Like his former mentor Tom DeLay, Ney's got some 'splainin to do. With the Ohio primary approaching tonight, National Journal reports that "well-placed Republican strategists say it's time for House Majority Leader John Boehner to tell Ney to resign."

Energy Independence Day

George Bush won't ask Congress for permission for torture or domestic spying. But when it comes to energy policy – he is very, very concerned about the limits of his presidential powers.

According to The Washington Post, he "renewed his call for Congress to give him the authority to ‘raise' mileage standards for all passenger cars." Then perhaps signaling a nod and a wink to his Big Oil friends, "White House officials said later, however, that they didn't know when or how the president would use that authority."

Meanwhile, the GOP Congress is scrambling to flex some 11th hour Election Year muscle of its own by reviewing oil company tax returns and "reaffirming authority for state and federal officials to fight price gouging."

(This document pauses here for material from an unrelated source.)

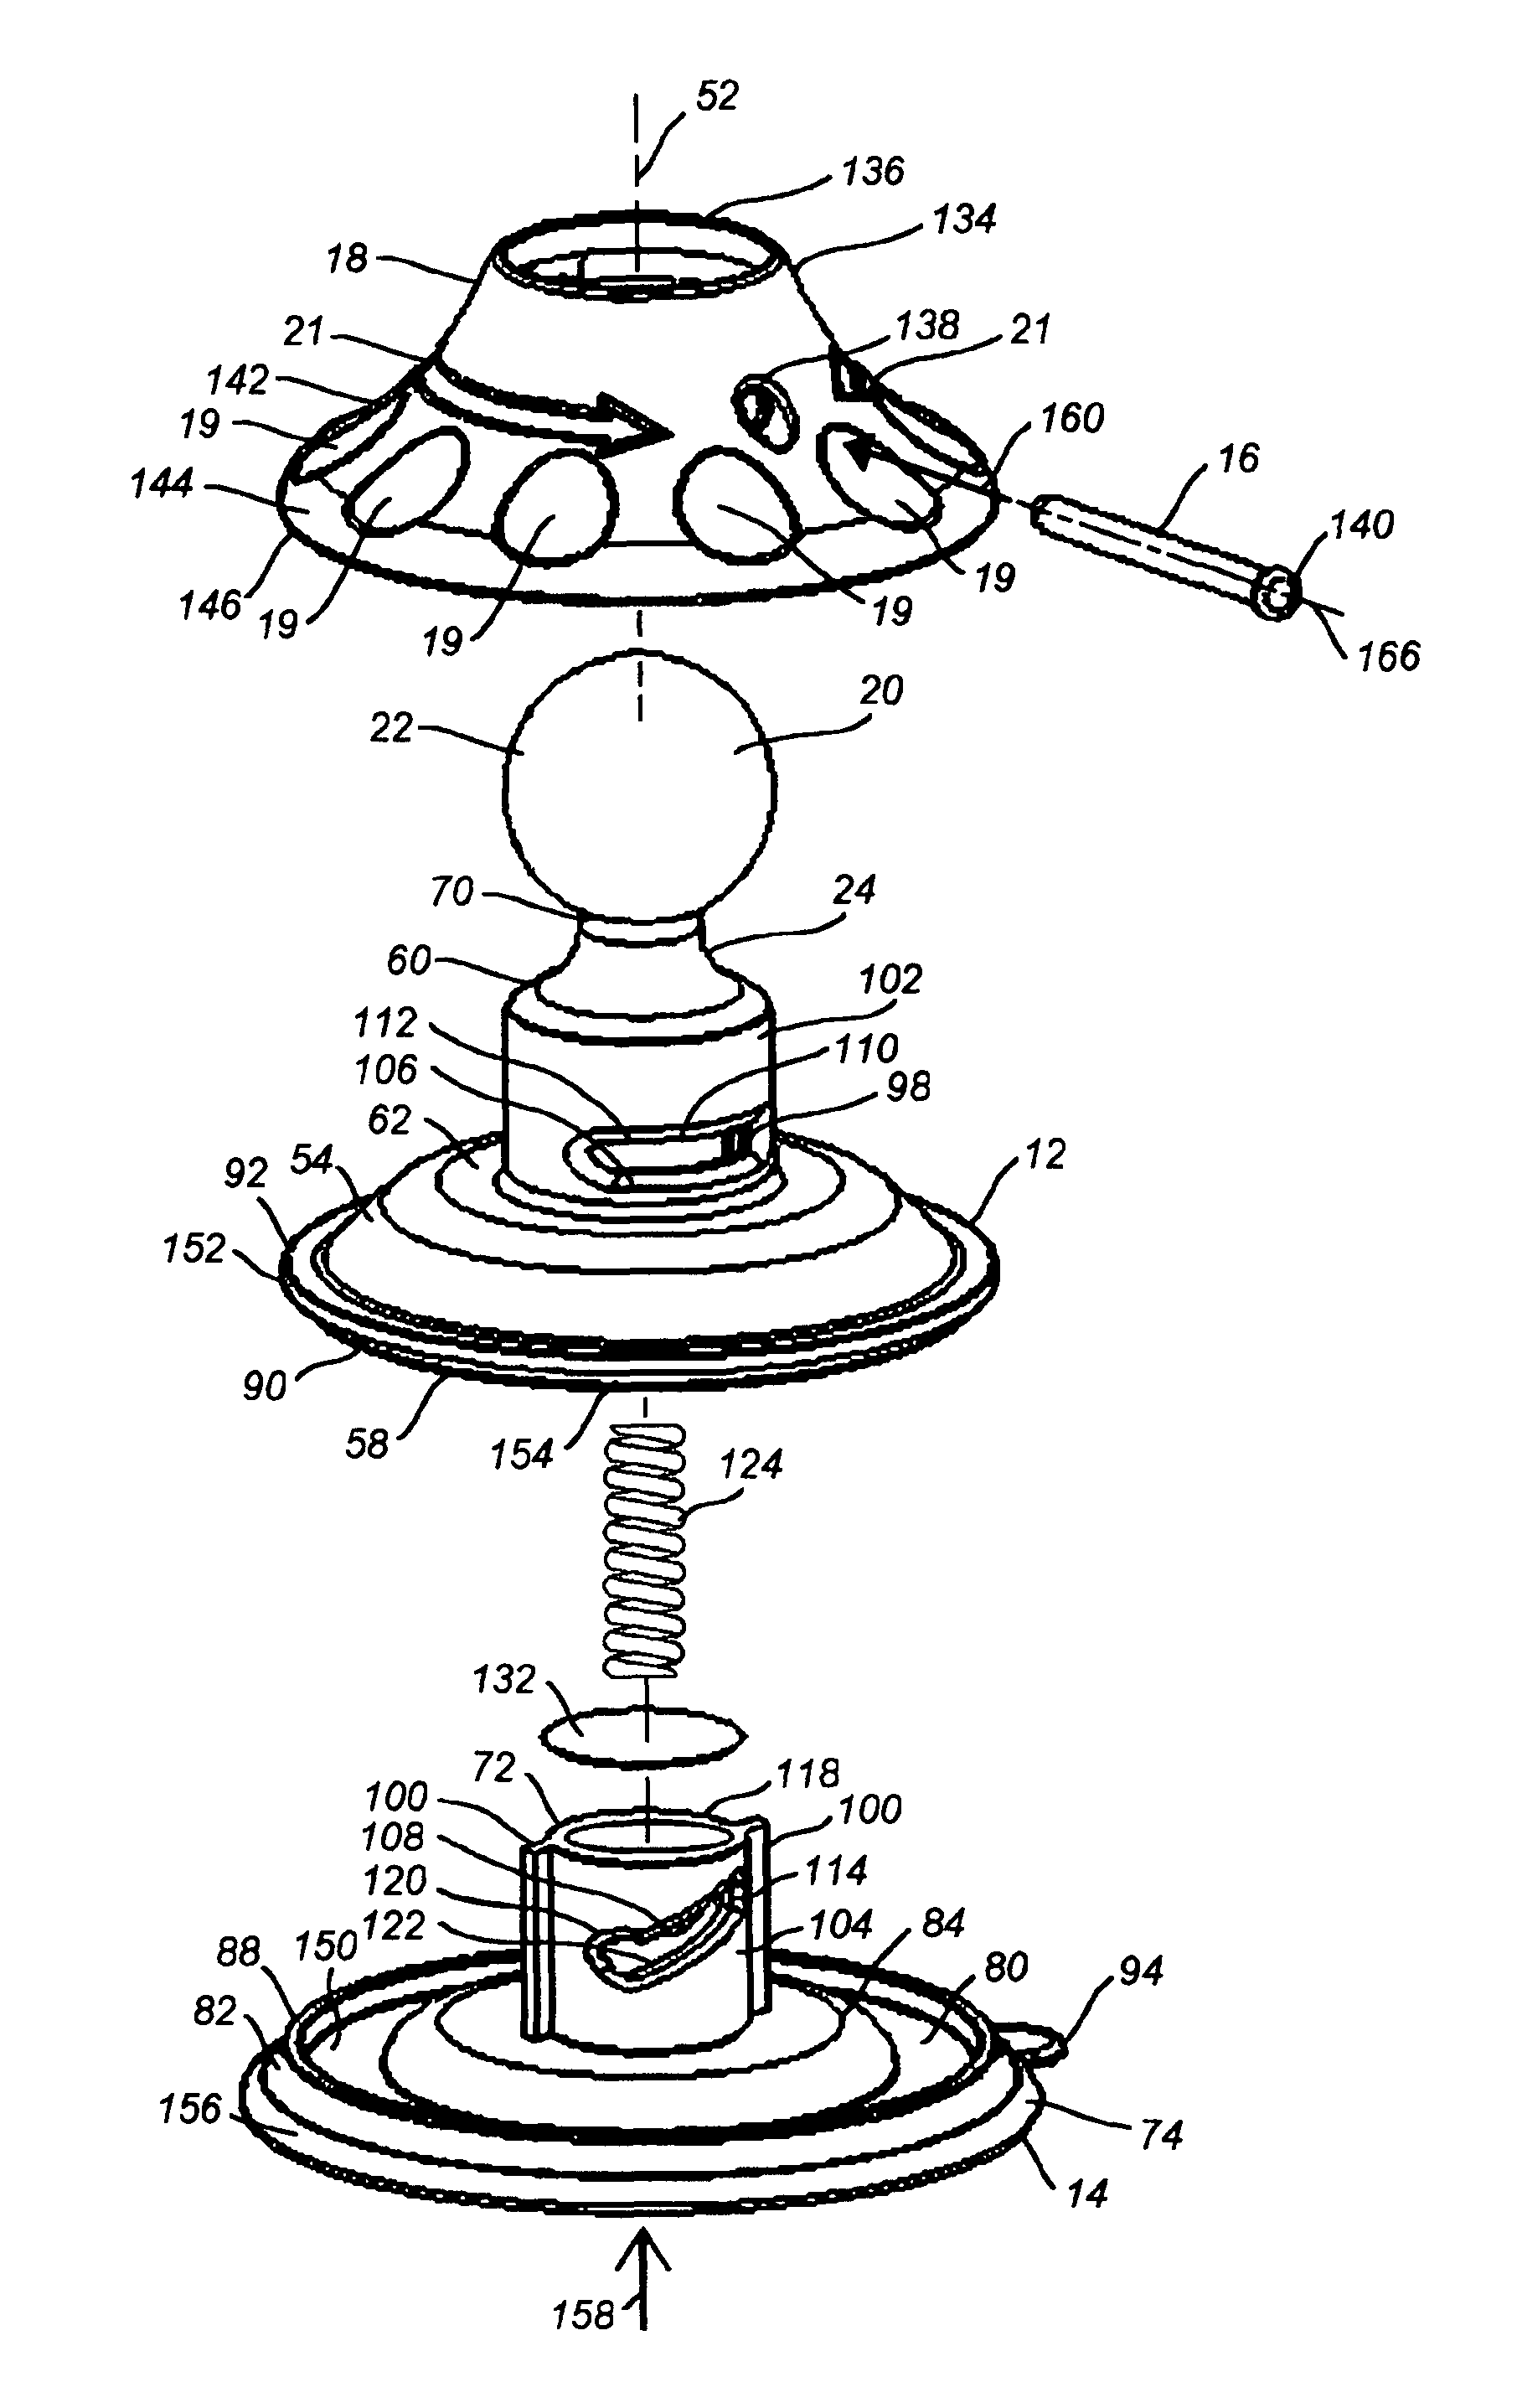 Suction cup having compact axial installation and release mechanism

No surprise that they are also attempting to exploit an increasingly squeezed middle-class by once again calling for drilling in the Arctic National Wildlife Refuge under the false pretense that it will provide economic relief at the gas pump. The truth, as the US Geological Service estimates, is that ANWR drilling would likely produce a total amount insufficient to fill the need for even one year of US domestic consumption and it wouldn't even hit the market for 10 years!

President Bush, too, offered his own rendition of Johnny Law in pursuit of any evildoer oil companies: "We'll make sure that the energy companies are pricing their product fairly. If we catch them gouging, if we catch them -- unfair trade practices, we'll deal with them at the federal government. That's what you expect the federal government to do."

Indeed, many citizens and Democrats have been asking -– if not expecting -– the formerly well-oiled, oil-friendly White House to do that for quite some time. Senators Maria Cantwell, Jeff Bingaman, and Bill Nelson all introduced legislation that would have cracked down on price gouging, as has Rep. Bart Stupak and even Republican Rep. Heather Wilson. In fact, lawmakers have repeatedly called on Bush over the past year to investigate and punish price gouging. But Oil man Bush--head of an administration loaded with ex-oil and gas executives-- is just walking the walk. If he actually talked the talk he'd be calling for subpoenas and public testimony from his oil industry cronies; he'd be calling for an all-out investigation of the industry's pricing practices-- from the wells to the gas pumps.

Even if the GOP does finally crack down on price manipulation, greed and collusion in the oil industry (while also pursuing more drilling and a roll-back of environmental protections) as a result of the public's "we're mad as hell and we're not going to take it anymore" outrage – there is a more important long-range issue: when will we unite around a sane policy to achieve real and lasting energy independence for our nation?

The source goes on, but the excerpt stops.